Step 4: Generating Histogram of Group Duration
This step is performed only in the case of Approaches Sg and Ag. Individual histograms are summed at each T to calculate the cumulative occurrence probability of the population at T to obtain a cumulative distribution function Pc.
Steps 5i, 5g: Fit Function
According to the research by Nakamura et al. (2007), in Step 5i, the cumulative occurrence ratio of the static duration is fitted with power law (1), and in Step 5g, that of the active duration is fitted with stretched exponential function (2). As a result, constants γ and β indicating the slope of each distribution are calculated. The fitting is performed so as to minimize the sum of absolute values of logarithmic differences in the y-axis direction.
Steps 6i, 6g: Generating Model for Estimating Stress Level
In each approach, a simple regression model for estimating the degree of stress is generated. Here, the value of a stress questionnaire used as a reference is an objective variable, and the inclination of each distribution is an explanatory variable. The datasets used for model generation are in individual units for Approaches Si and Ai and in group units for Approaches Sg and Ag. Therefore, in the case of a group unit, the average of the questionnaire values is used. Also, the slope value is γ for Approaches Si and Sg and β for Approaches Ai and Ag.
Method of Measurement
To measure human behavior in the workplace without interrupting work, we chose a name-tag shaped wearable sensor node (Wakisaka et al., 2009) (Figure 2). Workers put the nodes on when they arrive at work and work as usual with them on while in their office. The nodes are stored in a cradle while the owners are away from the office, where they stop sensing. Thus, the nodes continuously measures an owner's face-to-face communication and body motion in the workplace. Face-to-face communication is detected by transmitting infrared signals between sensor nodes when they face each other at about 3 m. An accelerometer in the nodes measures body motion at a frequency of 51.2 (Hz) and can detect slight movements such as keyboard typing. Moreover, the threshold value that divides static/active in Step 2 of Figure 1 is the minimum frequency that can be detected by this sensor node. In other words, the state is classified as static only when the worker has almost completely stopped.

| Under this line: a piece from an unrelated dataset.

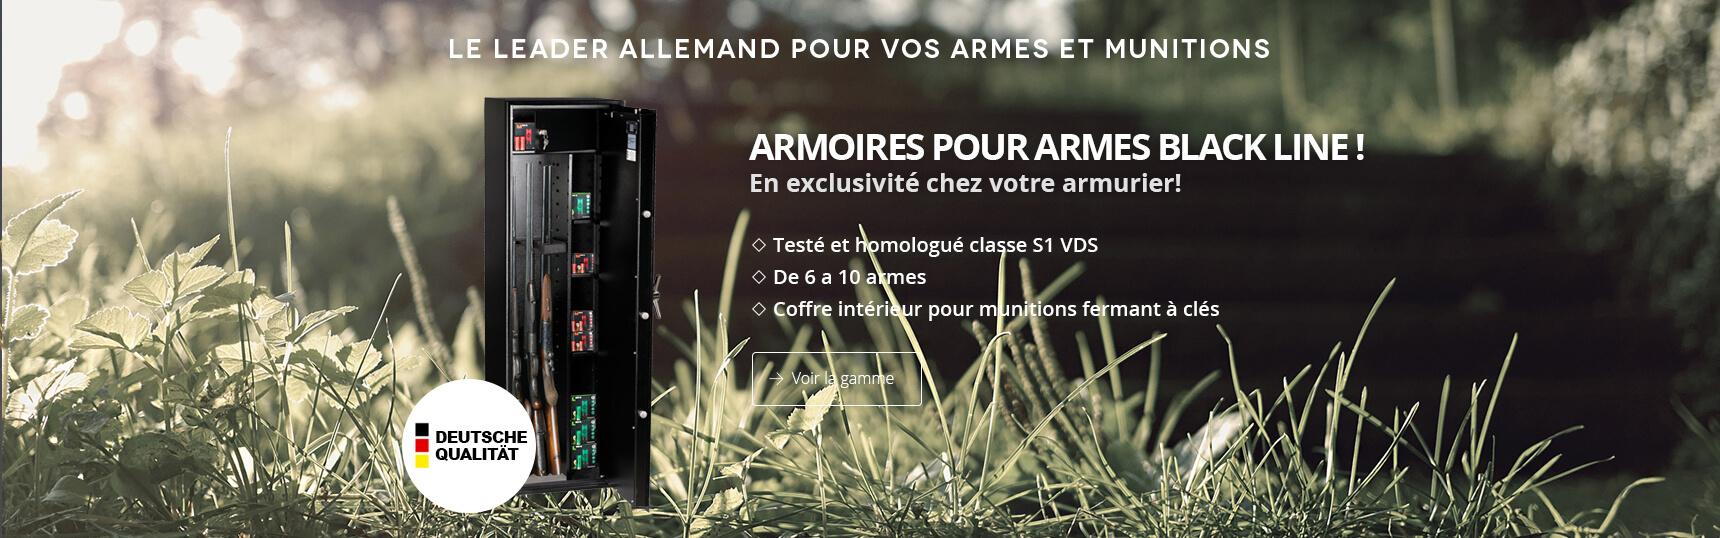 Armoire Armes Blackline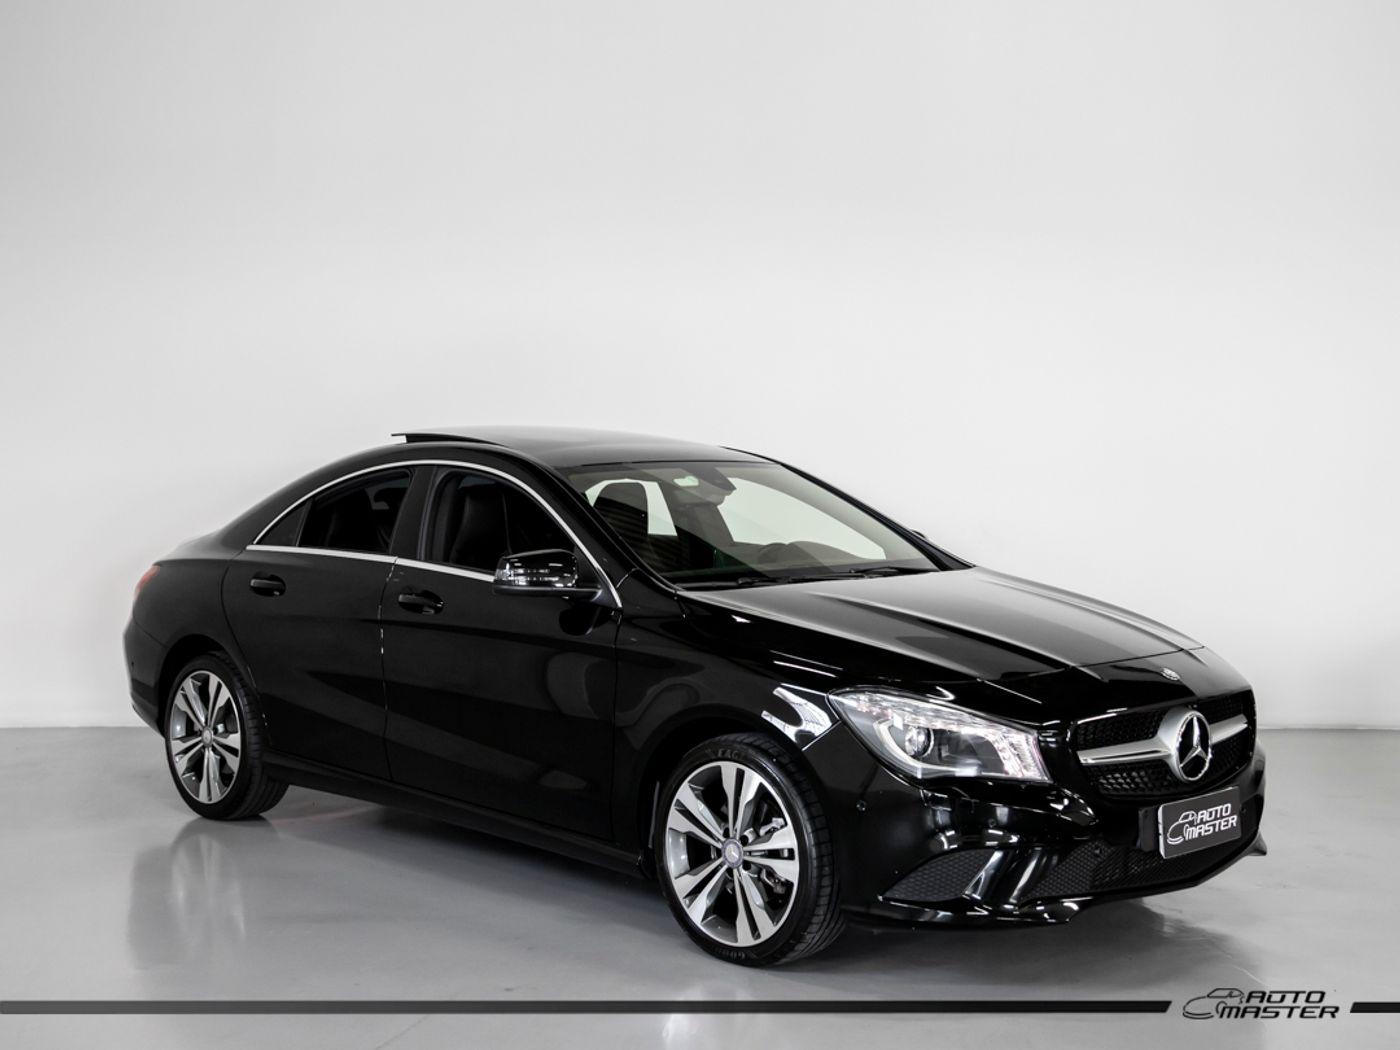 Mercedes CLA-200 Vision 1.6 TB 16V Flex Aut.

Figure 2. Name-tag shaped wearable sensor node. Nodes continuously measure owner's body motion and face-to-face communication in workplace without interrupting work. Accelerometer in nodes measures body motion at frequency of 51.2 (Hz). Face-to-face communication is detected by transmitting infrared signals between sensor nodes when they face each other at about three meters. (A) Specifications (B) Appearance This image has been previously published. https://dl.acm.org/doi/fullHtml/10.1145/3358695.3360923.
Reference of Value
The Center for Epidemiologic Studies Depression (CES-D) questionnaire was adopted as the reference in Steps 6i and 6g (Radloff, 1977; Hann et al., 1999). This is a questionnaire developed by the National Institute of Mental Health for screening depressive conditions and is widely adopted by psychiatrists. The questionnaire has 20 questions such as “I felt depressed,” “My sleep was restless,” and “I was happy (inverted scale).” Respondents look back over the past week and respond in four stages, numbered 0–3, to the number of days they felt that way. As a result, the depression scale of a respondent is calculated by adding together these scores on the questionnaire and creating an integer from 0 to 60. Although the cut-off point for suspected depression on the CES-D is 16, it has been reported that almost 30% of Japanese adults score 16 points or more, which tends to be overestimated compared to the actual prevalence of depression in Japan (Kaneita et al., 2006). Therefore, a cut-off of 26 points has been proposed in Japan. Although the CES-D is not a questionnaire designed to measure the level of stress at work, it is a strong reflection of the level of stress in the workplace because it assesses the subjective perceptions felt as a result of work that takes up about half of the weekday. Therefore, in this paper we consider the value of CES-D to be the stress level of the worker, and furthermore, we consider the average of the group members' CES-D values to be the stress level of the whole group.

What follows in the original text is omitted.